The exclusion criteria were: (1) metabolic disorders; (2) neoplasm; (3) epilepsy; (4) disorders of cellular migration and proliferation; (5) acquired traumatic brain injury; (6) expressive aphasia; (7) currently pregnant as evidenced by testing in all female participants; (8) indwelling metal or medical devices incompatible with NIBS; (9) evidence of skin disease or skin abnormalities; and (10) botulinum toxin or phenol intramuscular block within 6 months preceding tDCS.

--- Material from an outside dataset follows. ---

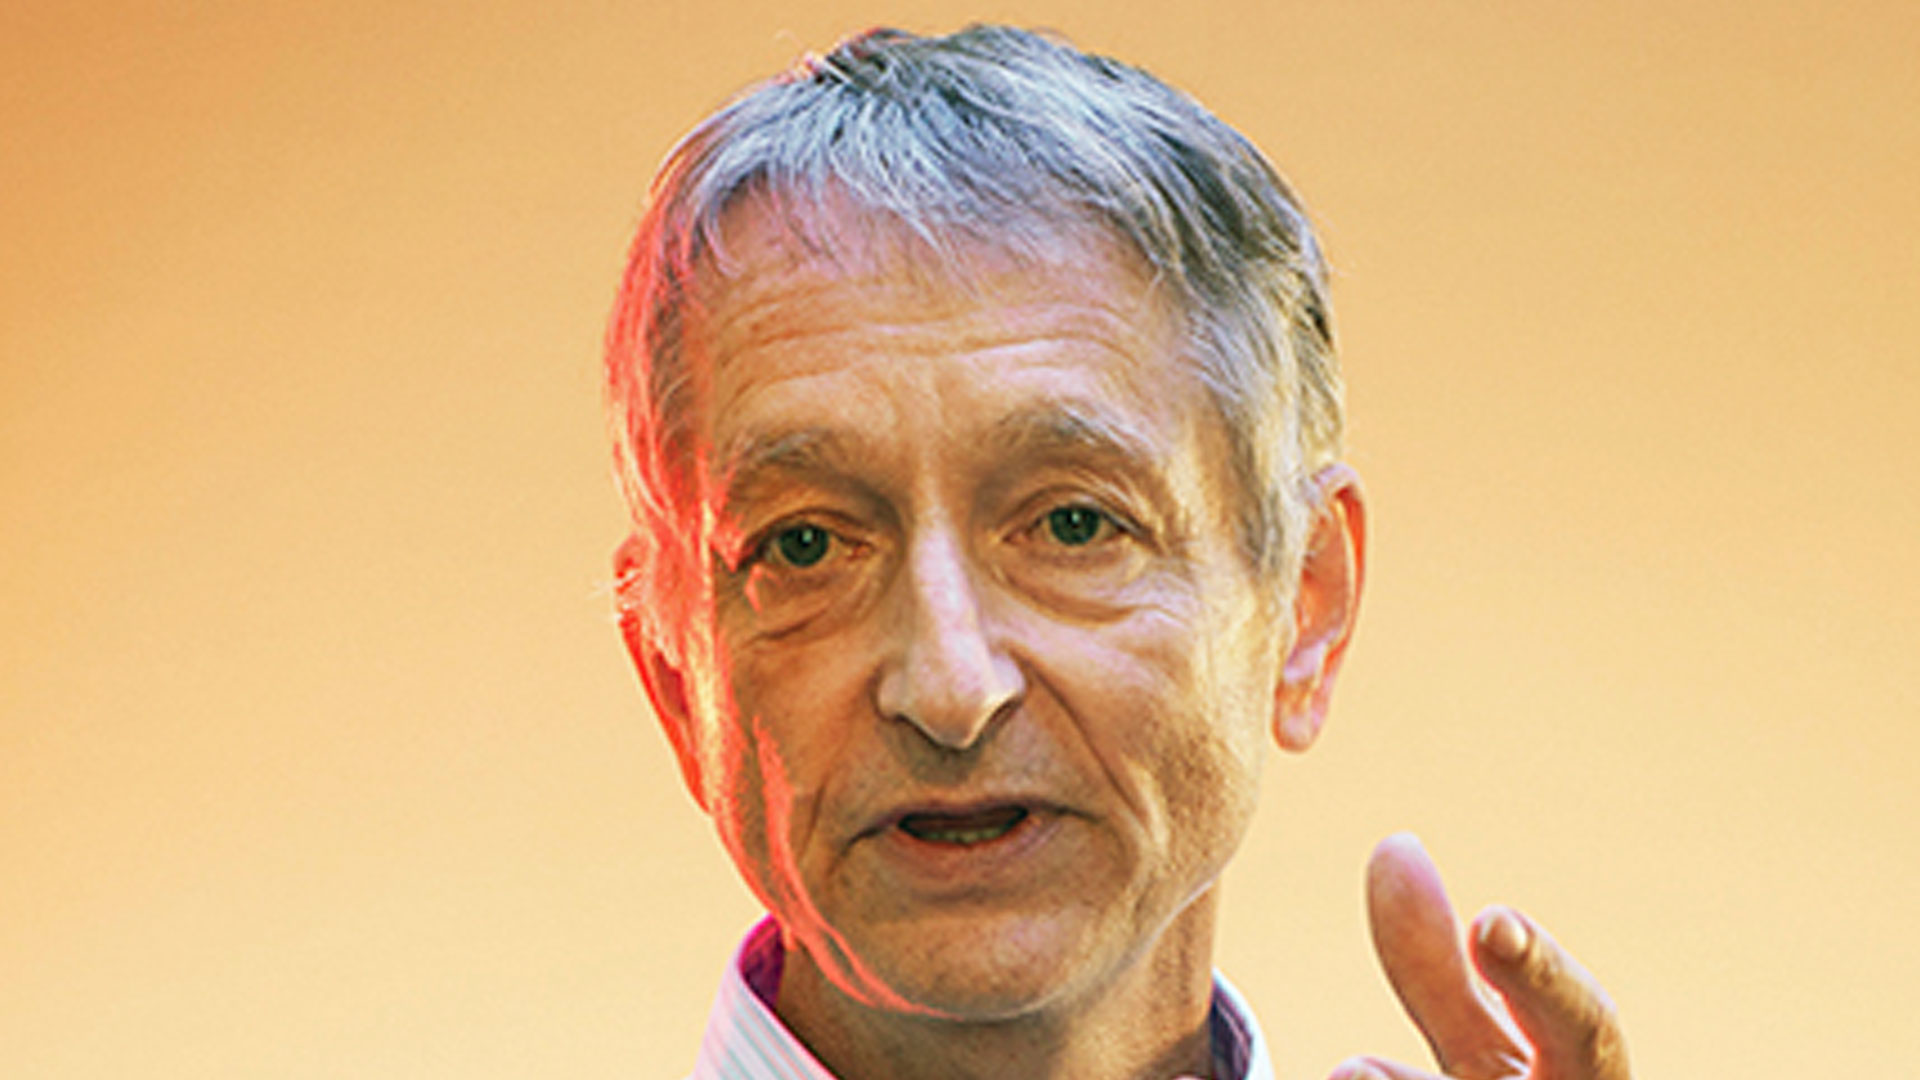 Geoffrey Hinton: Who is he and why has he left Google?

A blinded investigator performed the testing during the pretest/posttest/follow-up study design, which included 2 on-site visits, 1 week apart. The first visit consisted of a pretest immediately before and posttest immediately after the tDCS intervention. The pretest comprised assessments to determine the feasibility and safety of the intervention. The same battery of assessments was performed on the same day at posttest and 1 week later in a follow-up session to assess for any change in motor and cognitive function or adverse events (further described below).
Setting and Participants
Thirteen children and adolescents, ages 7 to 18 years, with congenital hemiparesis due to hemispheric stroke initially participated in this study at an academic institution (Tab. 1). Eleven children completed the study procedures. Their mean age was 14.0 years (SD=3.5, range=7.8–18.5, median=14.7). Five children were randomly assigned in a nonstratified manner to the intervention group, and 6 children were randomly assigned to the control group.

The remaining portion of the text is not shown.